Oggetti interstellari vagabondi

(ASI) – Quanti sono gli oggetti celesti che vagano nello spazio interstellare? Uno studio congiunto guidato dall’Università della Hawaii e dalla Technical University of Munich e pubblicato su Astronomical Journal ha esplorato le possibili risposte a questa domanda.

Le simulazioni effettuate finora suggeriscono che la migrazione orbitale dei pianeti giganti gassosi e ghiacciati ha provocato l’espulsione dal sistema solare della quasi totalità dei planetesimi, oggetti rocciosi alla base della formazione di pianeti e altri corpi celsti minori.Se questi modelli sono corretti e se altri sistemi planetari hanno seguito lo stesso sviluppo, allora lo spazio interstellare dovrebbe essere disseminato da una gran quantità di questi oggetti.

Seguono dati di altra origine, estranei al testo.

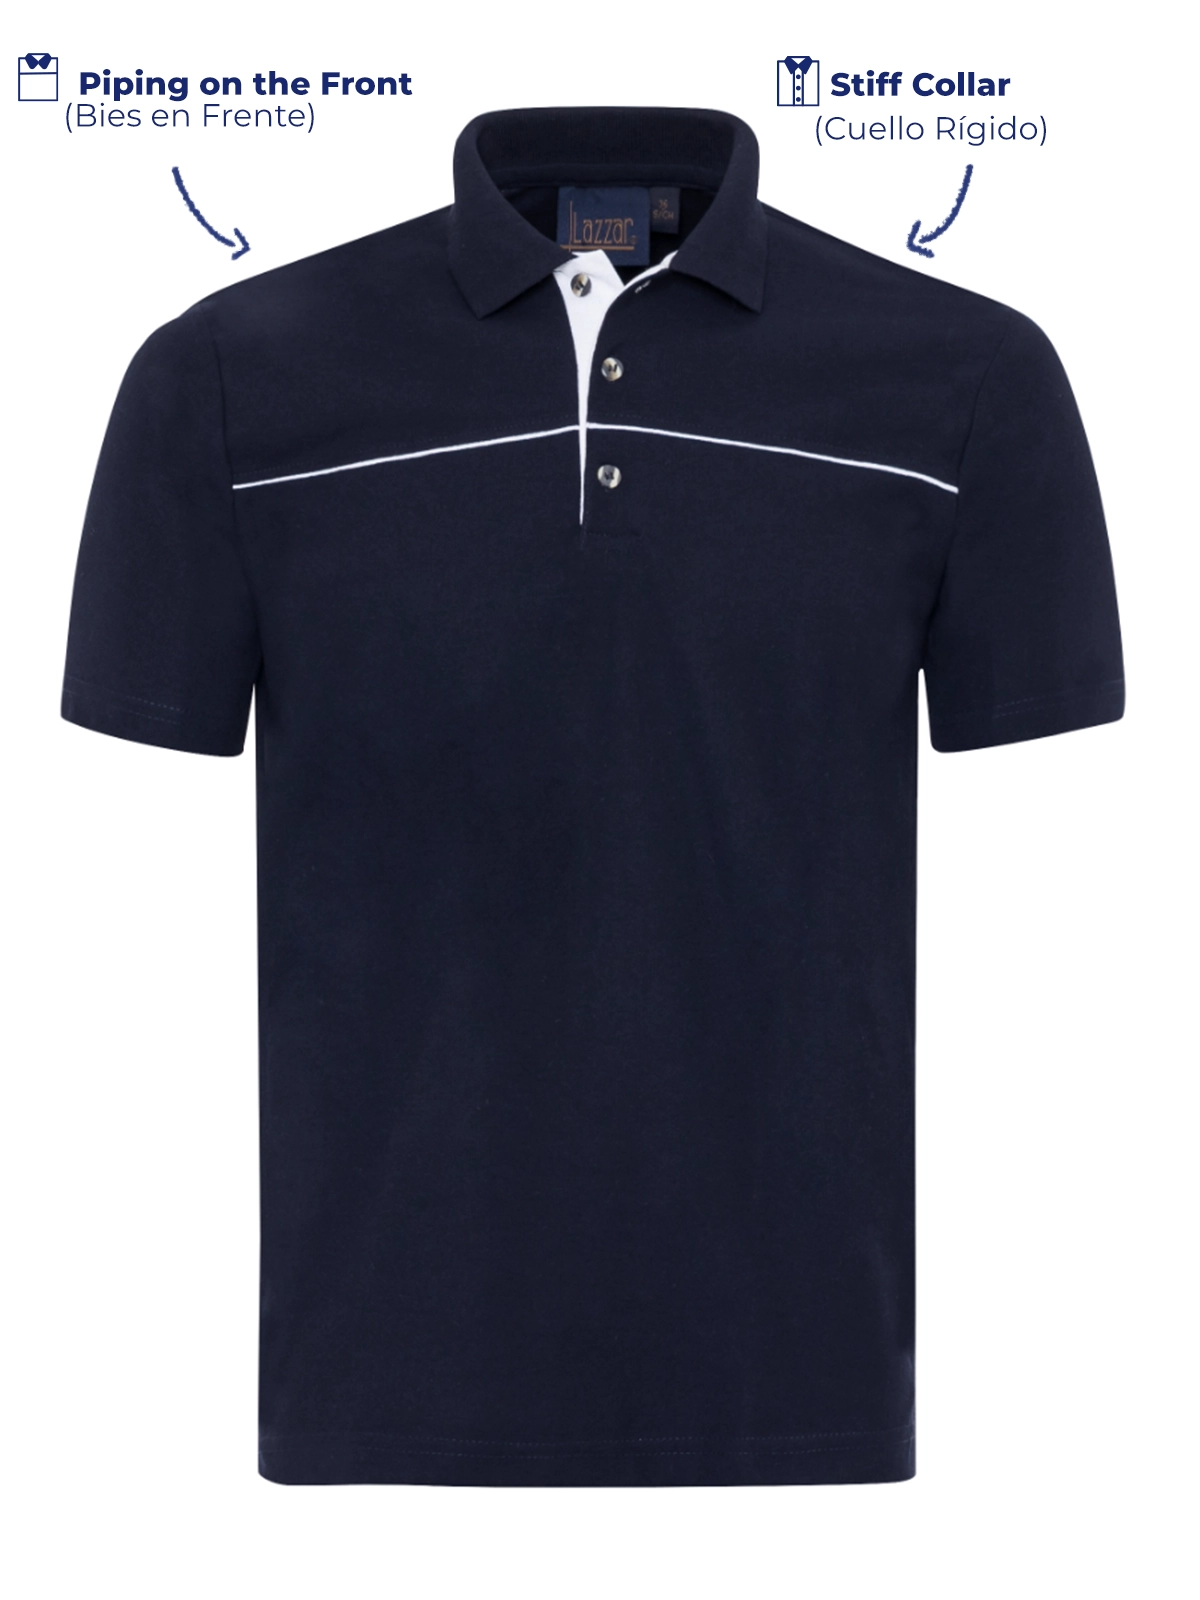 Polo shirt P 506 navy blue with white front view

Le simulazioni non sembrano esatte, dato che non abbiamo ancora osservato un corpo celeste di dimensioni considerevoli vagabondare nello spazio. Gli autori dello studio hanno quindi cercato di ampliare l’orizzonte delle osservazioni utilizzando contemporaneamente i dati provenienti da tre diversi telescopi: Pan-STARRS1, Mt. Lemmon Survey e Catalina Sky Survey.All’inizio è stata simulata la presenza di oggetti interstellari a una distanza di 750 UA dal Sole, per poi spostare le posizioni di questi oggetti più in là nel tempo, fino a 50 UA, tenendo conto dell’influenza dell’attrazione gravitazionale del Sole sui corpi celesti. Una volta ultimate le osservazioni, gli scienziati hanno scoperto che la densità degli oggetti con un raggio superiore a un chilometro deve essere inferiore a 1,4 per ogni ~ 10.000 AU3.

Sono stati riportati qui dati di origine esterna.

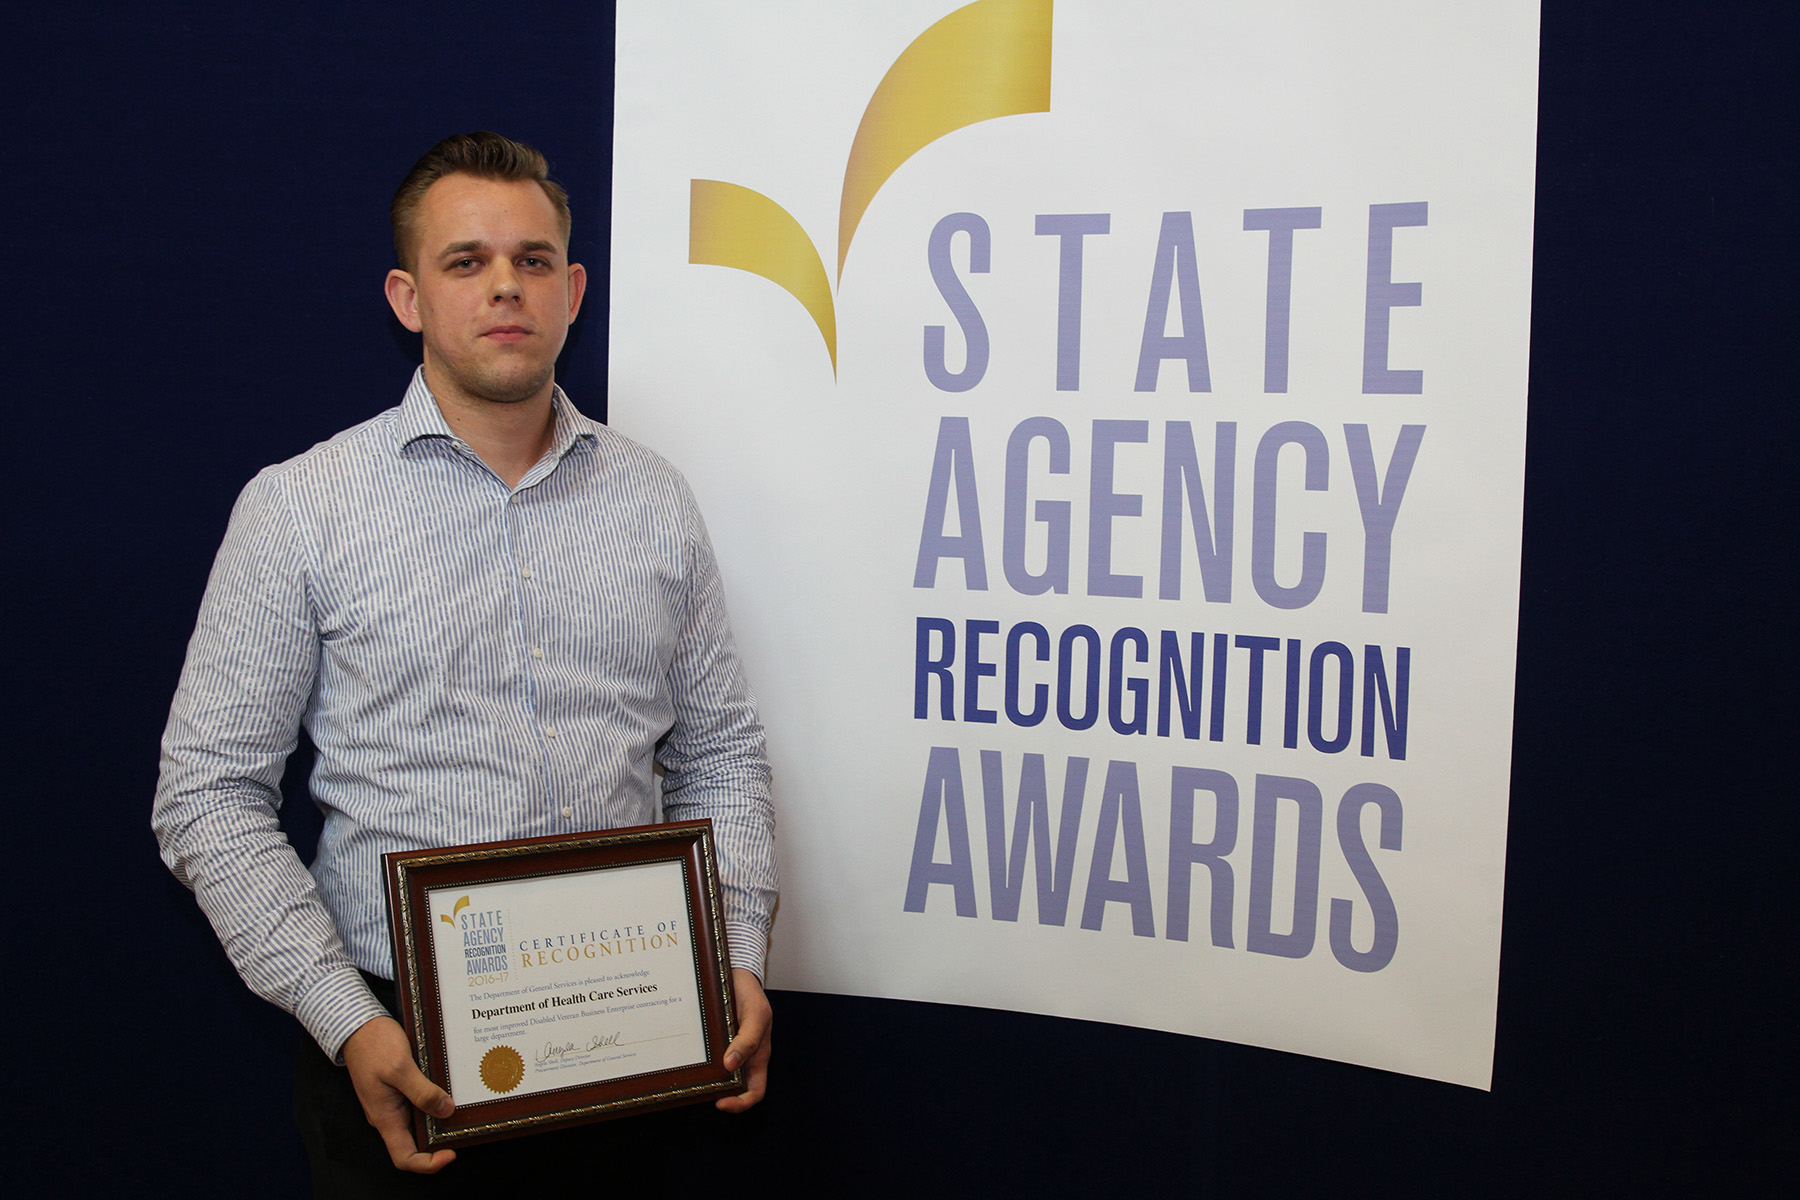 Max Lyulkin accepts the most improved small business participation award for the Department of Health Care Services for the large agency category

Si tratta di un limite decisamente superiore da quello evidenziato dai modelli precedenti e secondo il parere dei ricercatori, due sono le spiegazioni plausibili. La prima prevede che la distribuzione delle dimensioni degli oggetti che osserviamo nel nostro Sistema Solare siano state calcolate in modo errato, mentre la seconda, sostiene l’ipotesi che gli altri sistemi planetari – a differenza del nostro – non abbiamo espulso la maggior parte del materiale protoplanetario nello spazio interstellare.

Le conclusioni dello studio non soddisfano appieno tutti i dubbi emersi e probabilmente i telescopi del futuro come il Large Synoptic Survey Telescope forniranno le risposte adeguate alla soluzione di questi enigmi.